More efficient algorithm for shortest superstring search
This should do it.
import itertools as it
SEQUENCES = ['AGG', 'AGT', 'CCG', 'CGT', 'GAG', 'GGA', 'GGT', 'GTA', 'GTG', 'TAG', 'TGG']
LONGEST_SUPERSTRING = ''.join(SEQUENCES)
def find_shortest_superstring():
current_shortest = LONGEST_SUPERSTRING
trim = len(current_shortest)-1
seen_prefixes = set()
for perm in it.permutations(SEQUENCES):
candidate_string = ''.join(perm)[:trim]
if candidate_string in seen_prefixes:
continue
seen_prefixes.add(candidate_string)
while is_superstring(candidate_string):
current_shortest = candidate_string
candidate_string = candidate_string[:-1]
trim = len(current_shortest)-1
return current_shortest
def is_superstring(s):
return all(seq in s for seq in SEQUENCES)
def main():
print 'Searching for shortest superstring containing all strings.'
ss = find_shortest_superstring()
print 'Found shortest superstring containing all strings:\n{}'.format(ss)

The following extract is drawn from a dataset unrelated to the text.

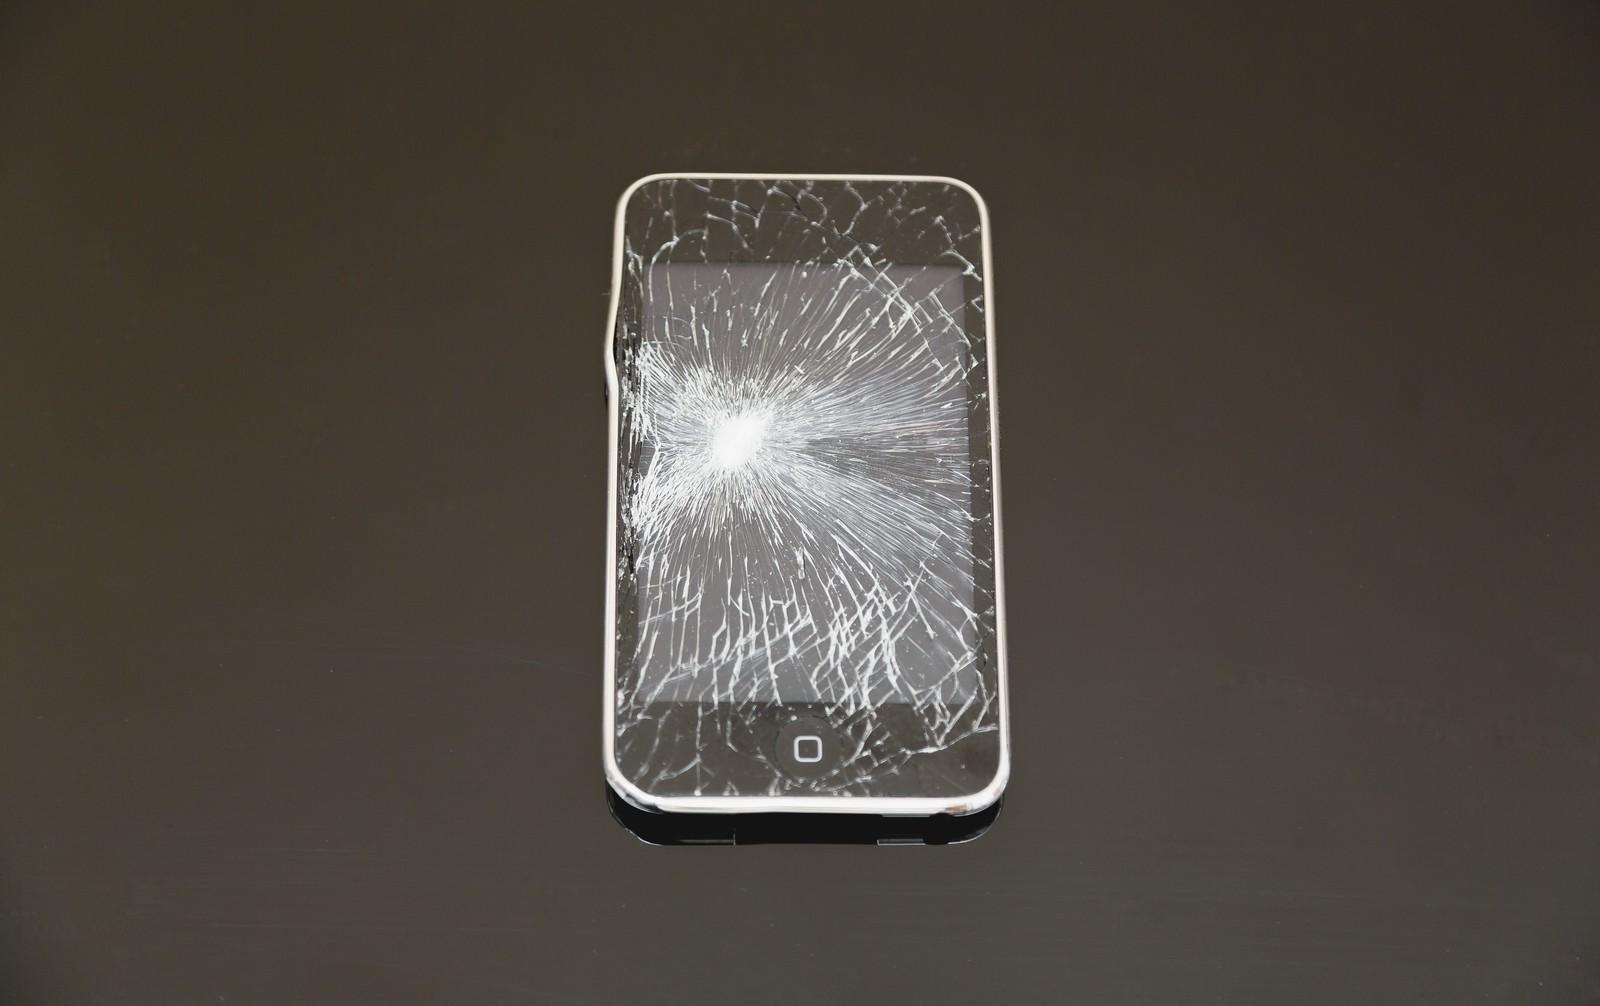 自分でも簡単にできる「iPhone4,5,6s」の液晶パネルの分解、修理方法

if __name__ == '__main__':
main()
The code takes about 15 seconds to run and produces the following output:
Searching for shortest superstring containing all strings.
Found shortest superstring containing all strings:
CCGTAGGTGGAGT
Just backtracking, but always check most overlapped first. After get a good candidate answer, later when current path result in a string has length big or equal to this candidate answer, we do not need to go further with this path.
Tested in my Jupyter notebook. It seems to be much faster than the other two answers here (11/18/2018)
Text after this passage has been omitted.